### [Work required]
Write out, word for word, the part of the listing below that opens with the line containing "homemade simple things" and closes with the line containing "Cloisonnè Vase, China Ende 19. Jahrhundert", keeping both of those lines and adding no others.

### [Supplied material]
.....
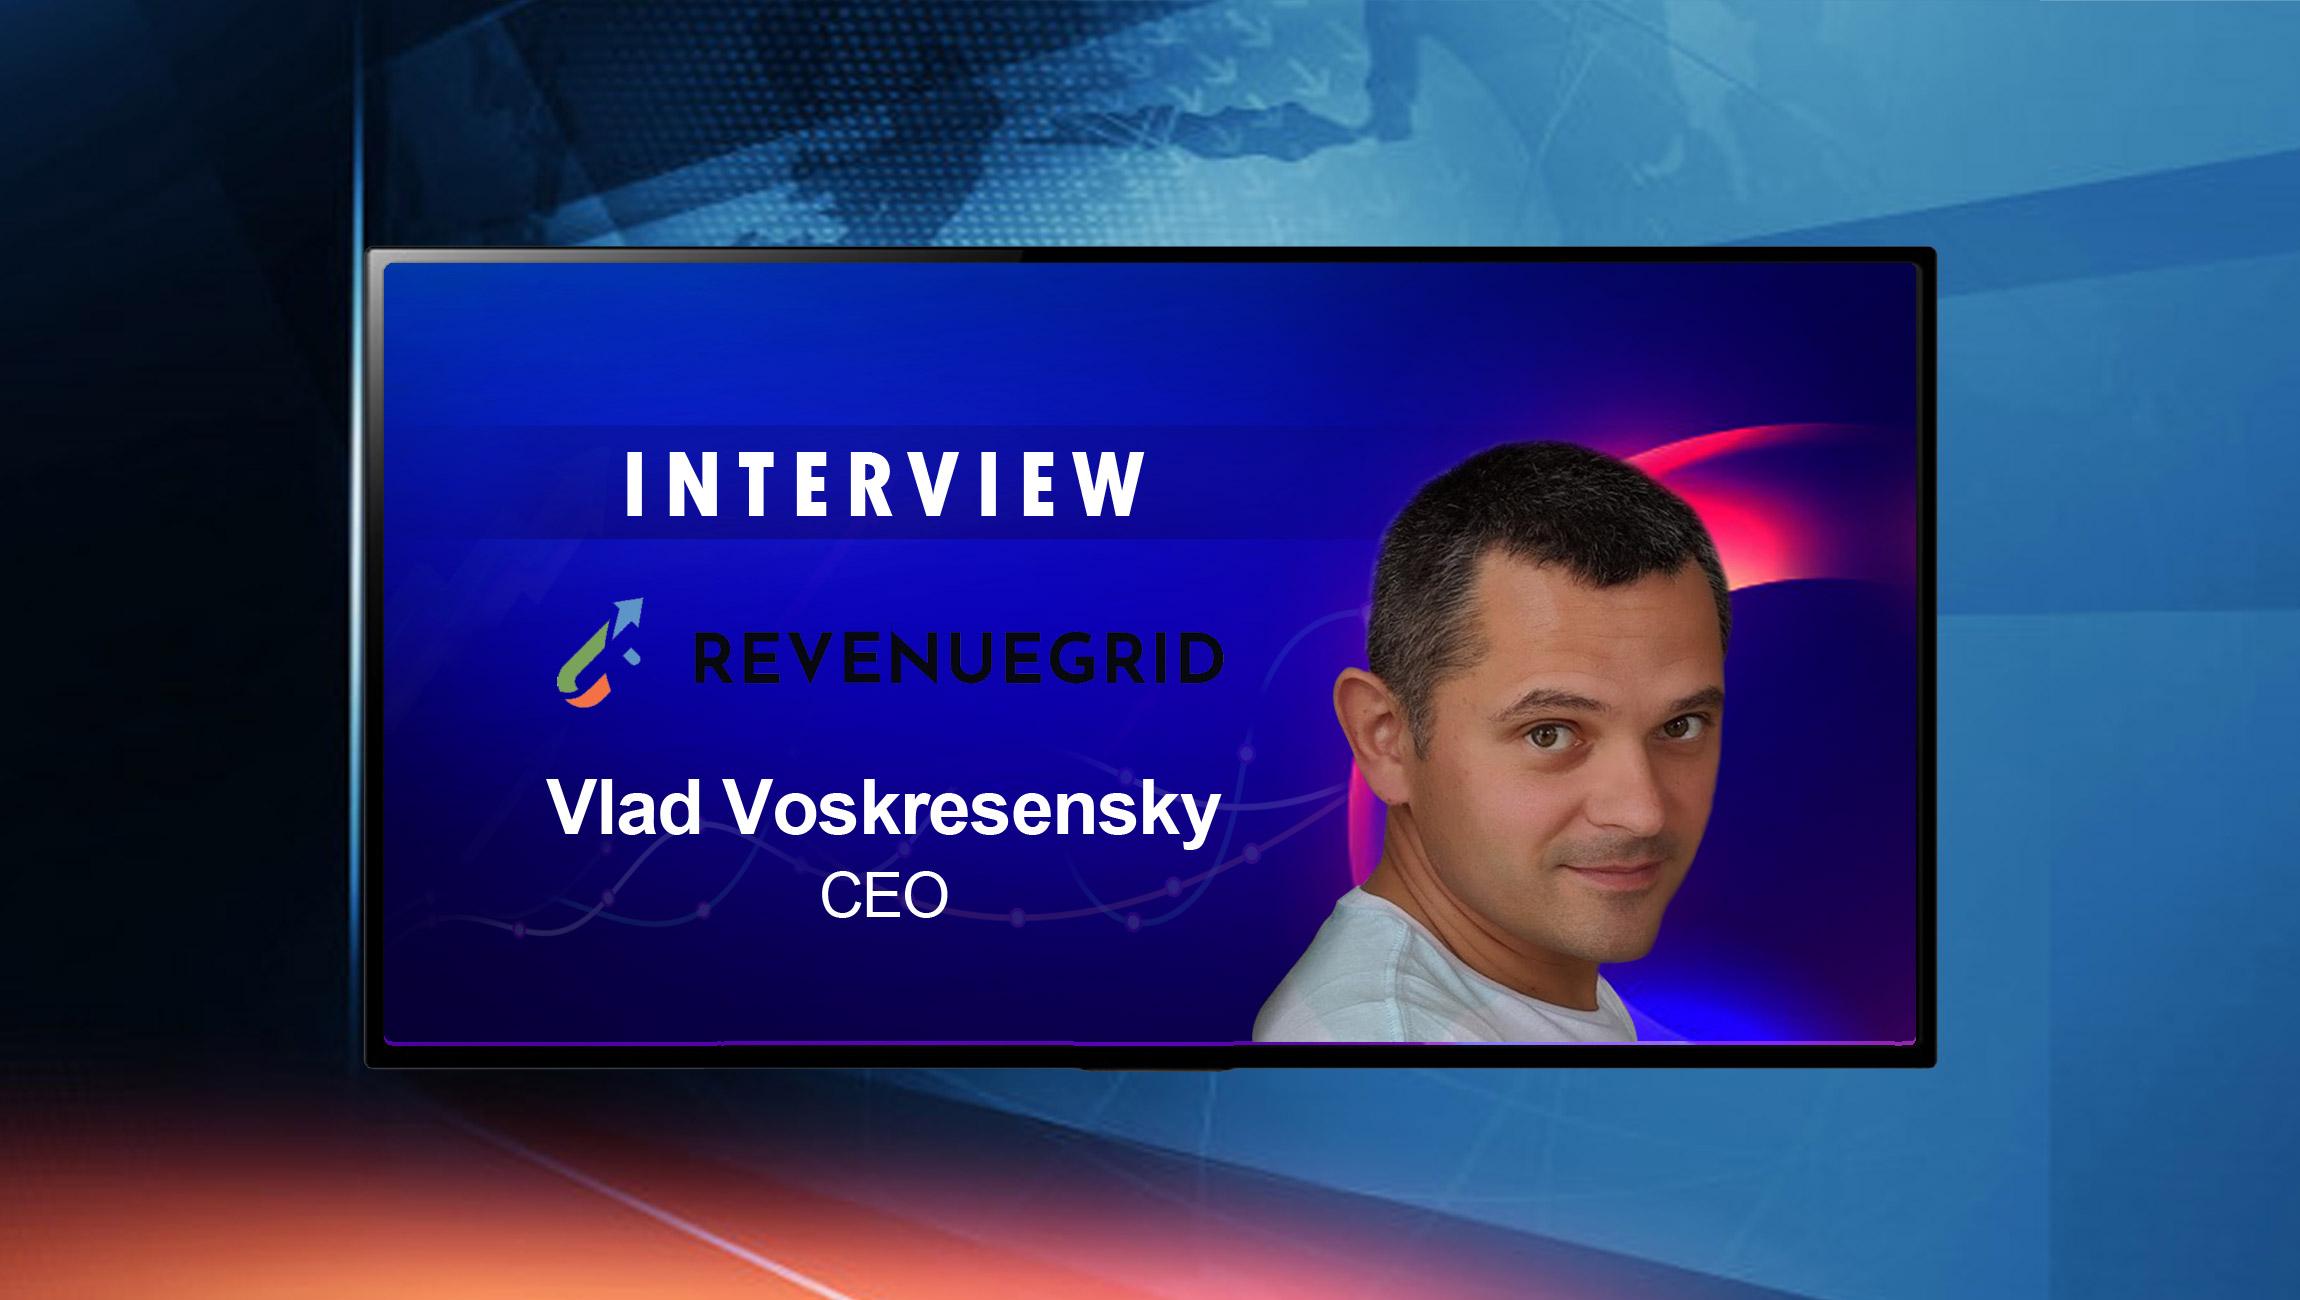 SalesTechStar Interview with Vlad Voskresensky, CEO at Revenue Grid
.....
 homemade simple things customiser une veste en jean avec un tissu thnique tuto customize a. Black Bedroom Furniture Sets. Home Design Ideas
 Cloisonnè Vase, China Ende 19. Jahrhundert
.....
### [Written solution]
 homemade simple things customiser une veste en jean avec un tissu thnique tuto customize a. Black Bedroom Furniture Sets. Home Design Ideas
 Cloisonnè Vase, China Ende 19. Jahrhundert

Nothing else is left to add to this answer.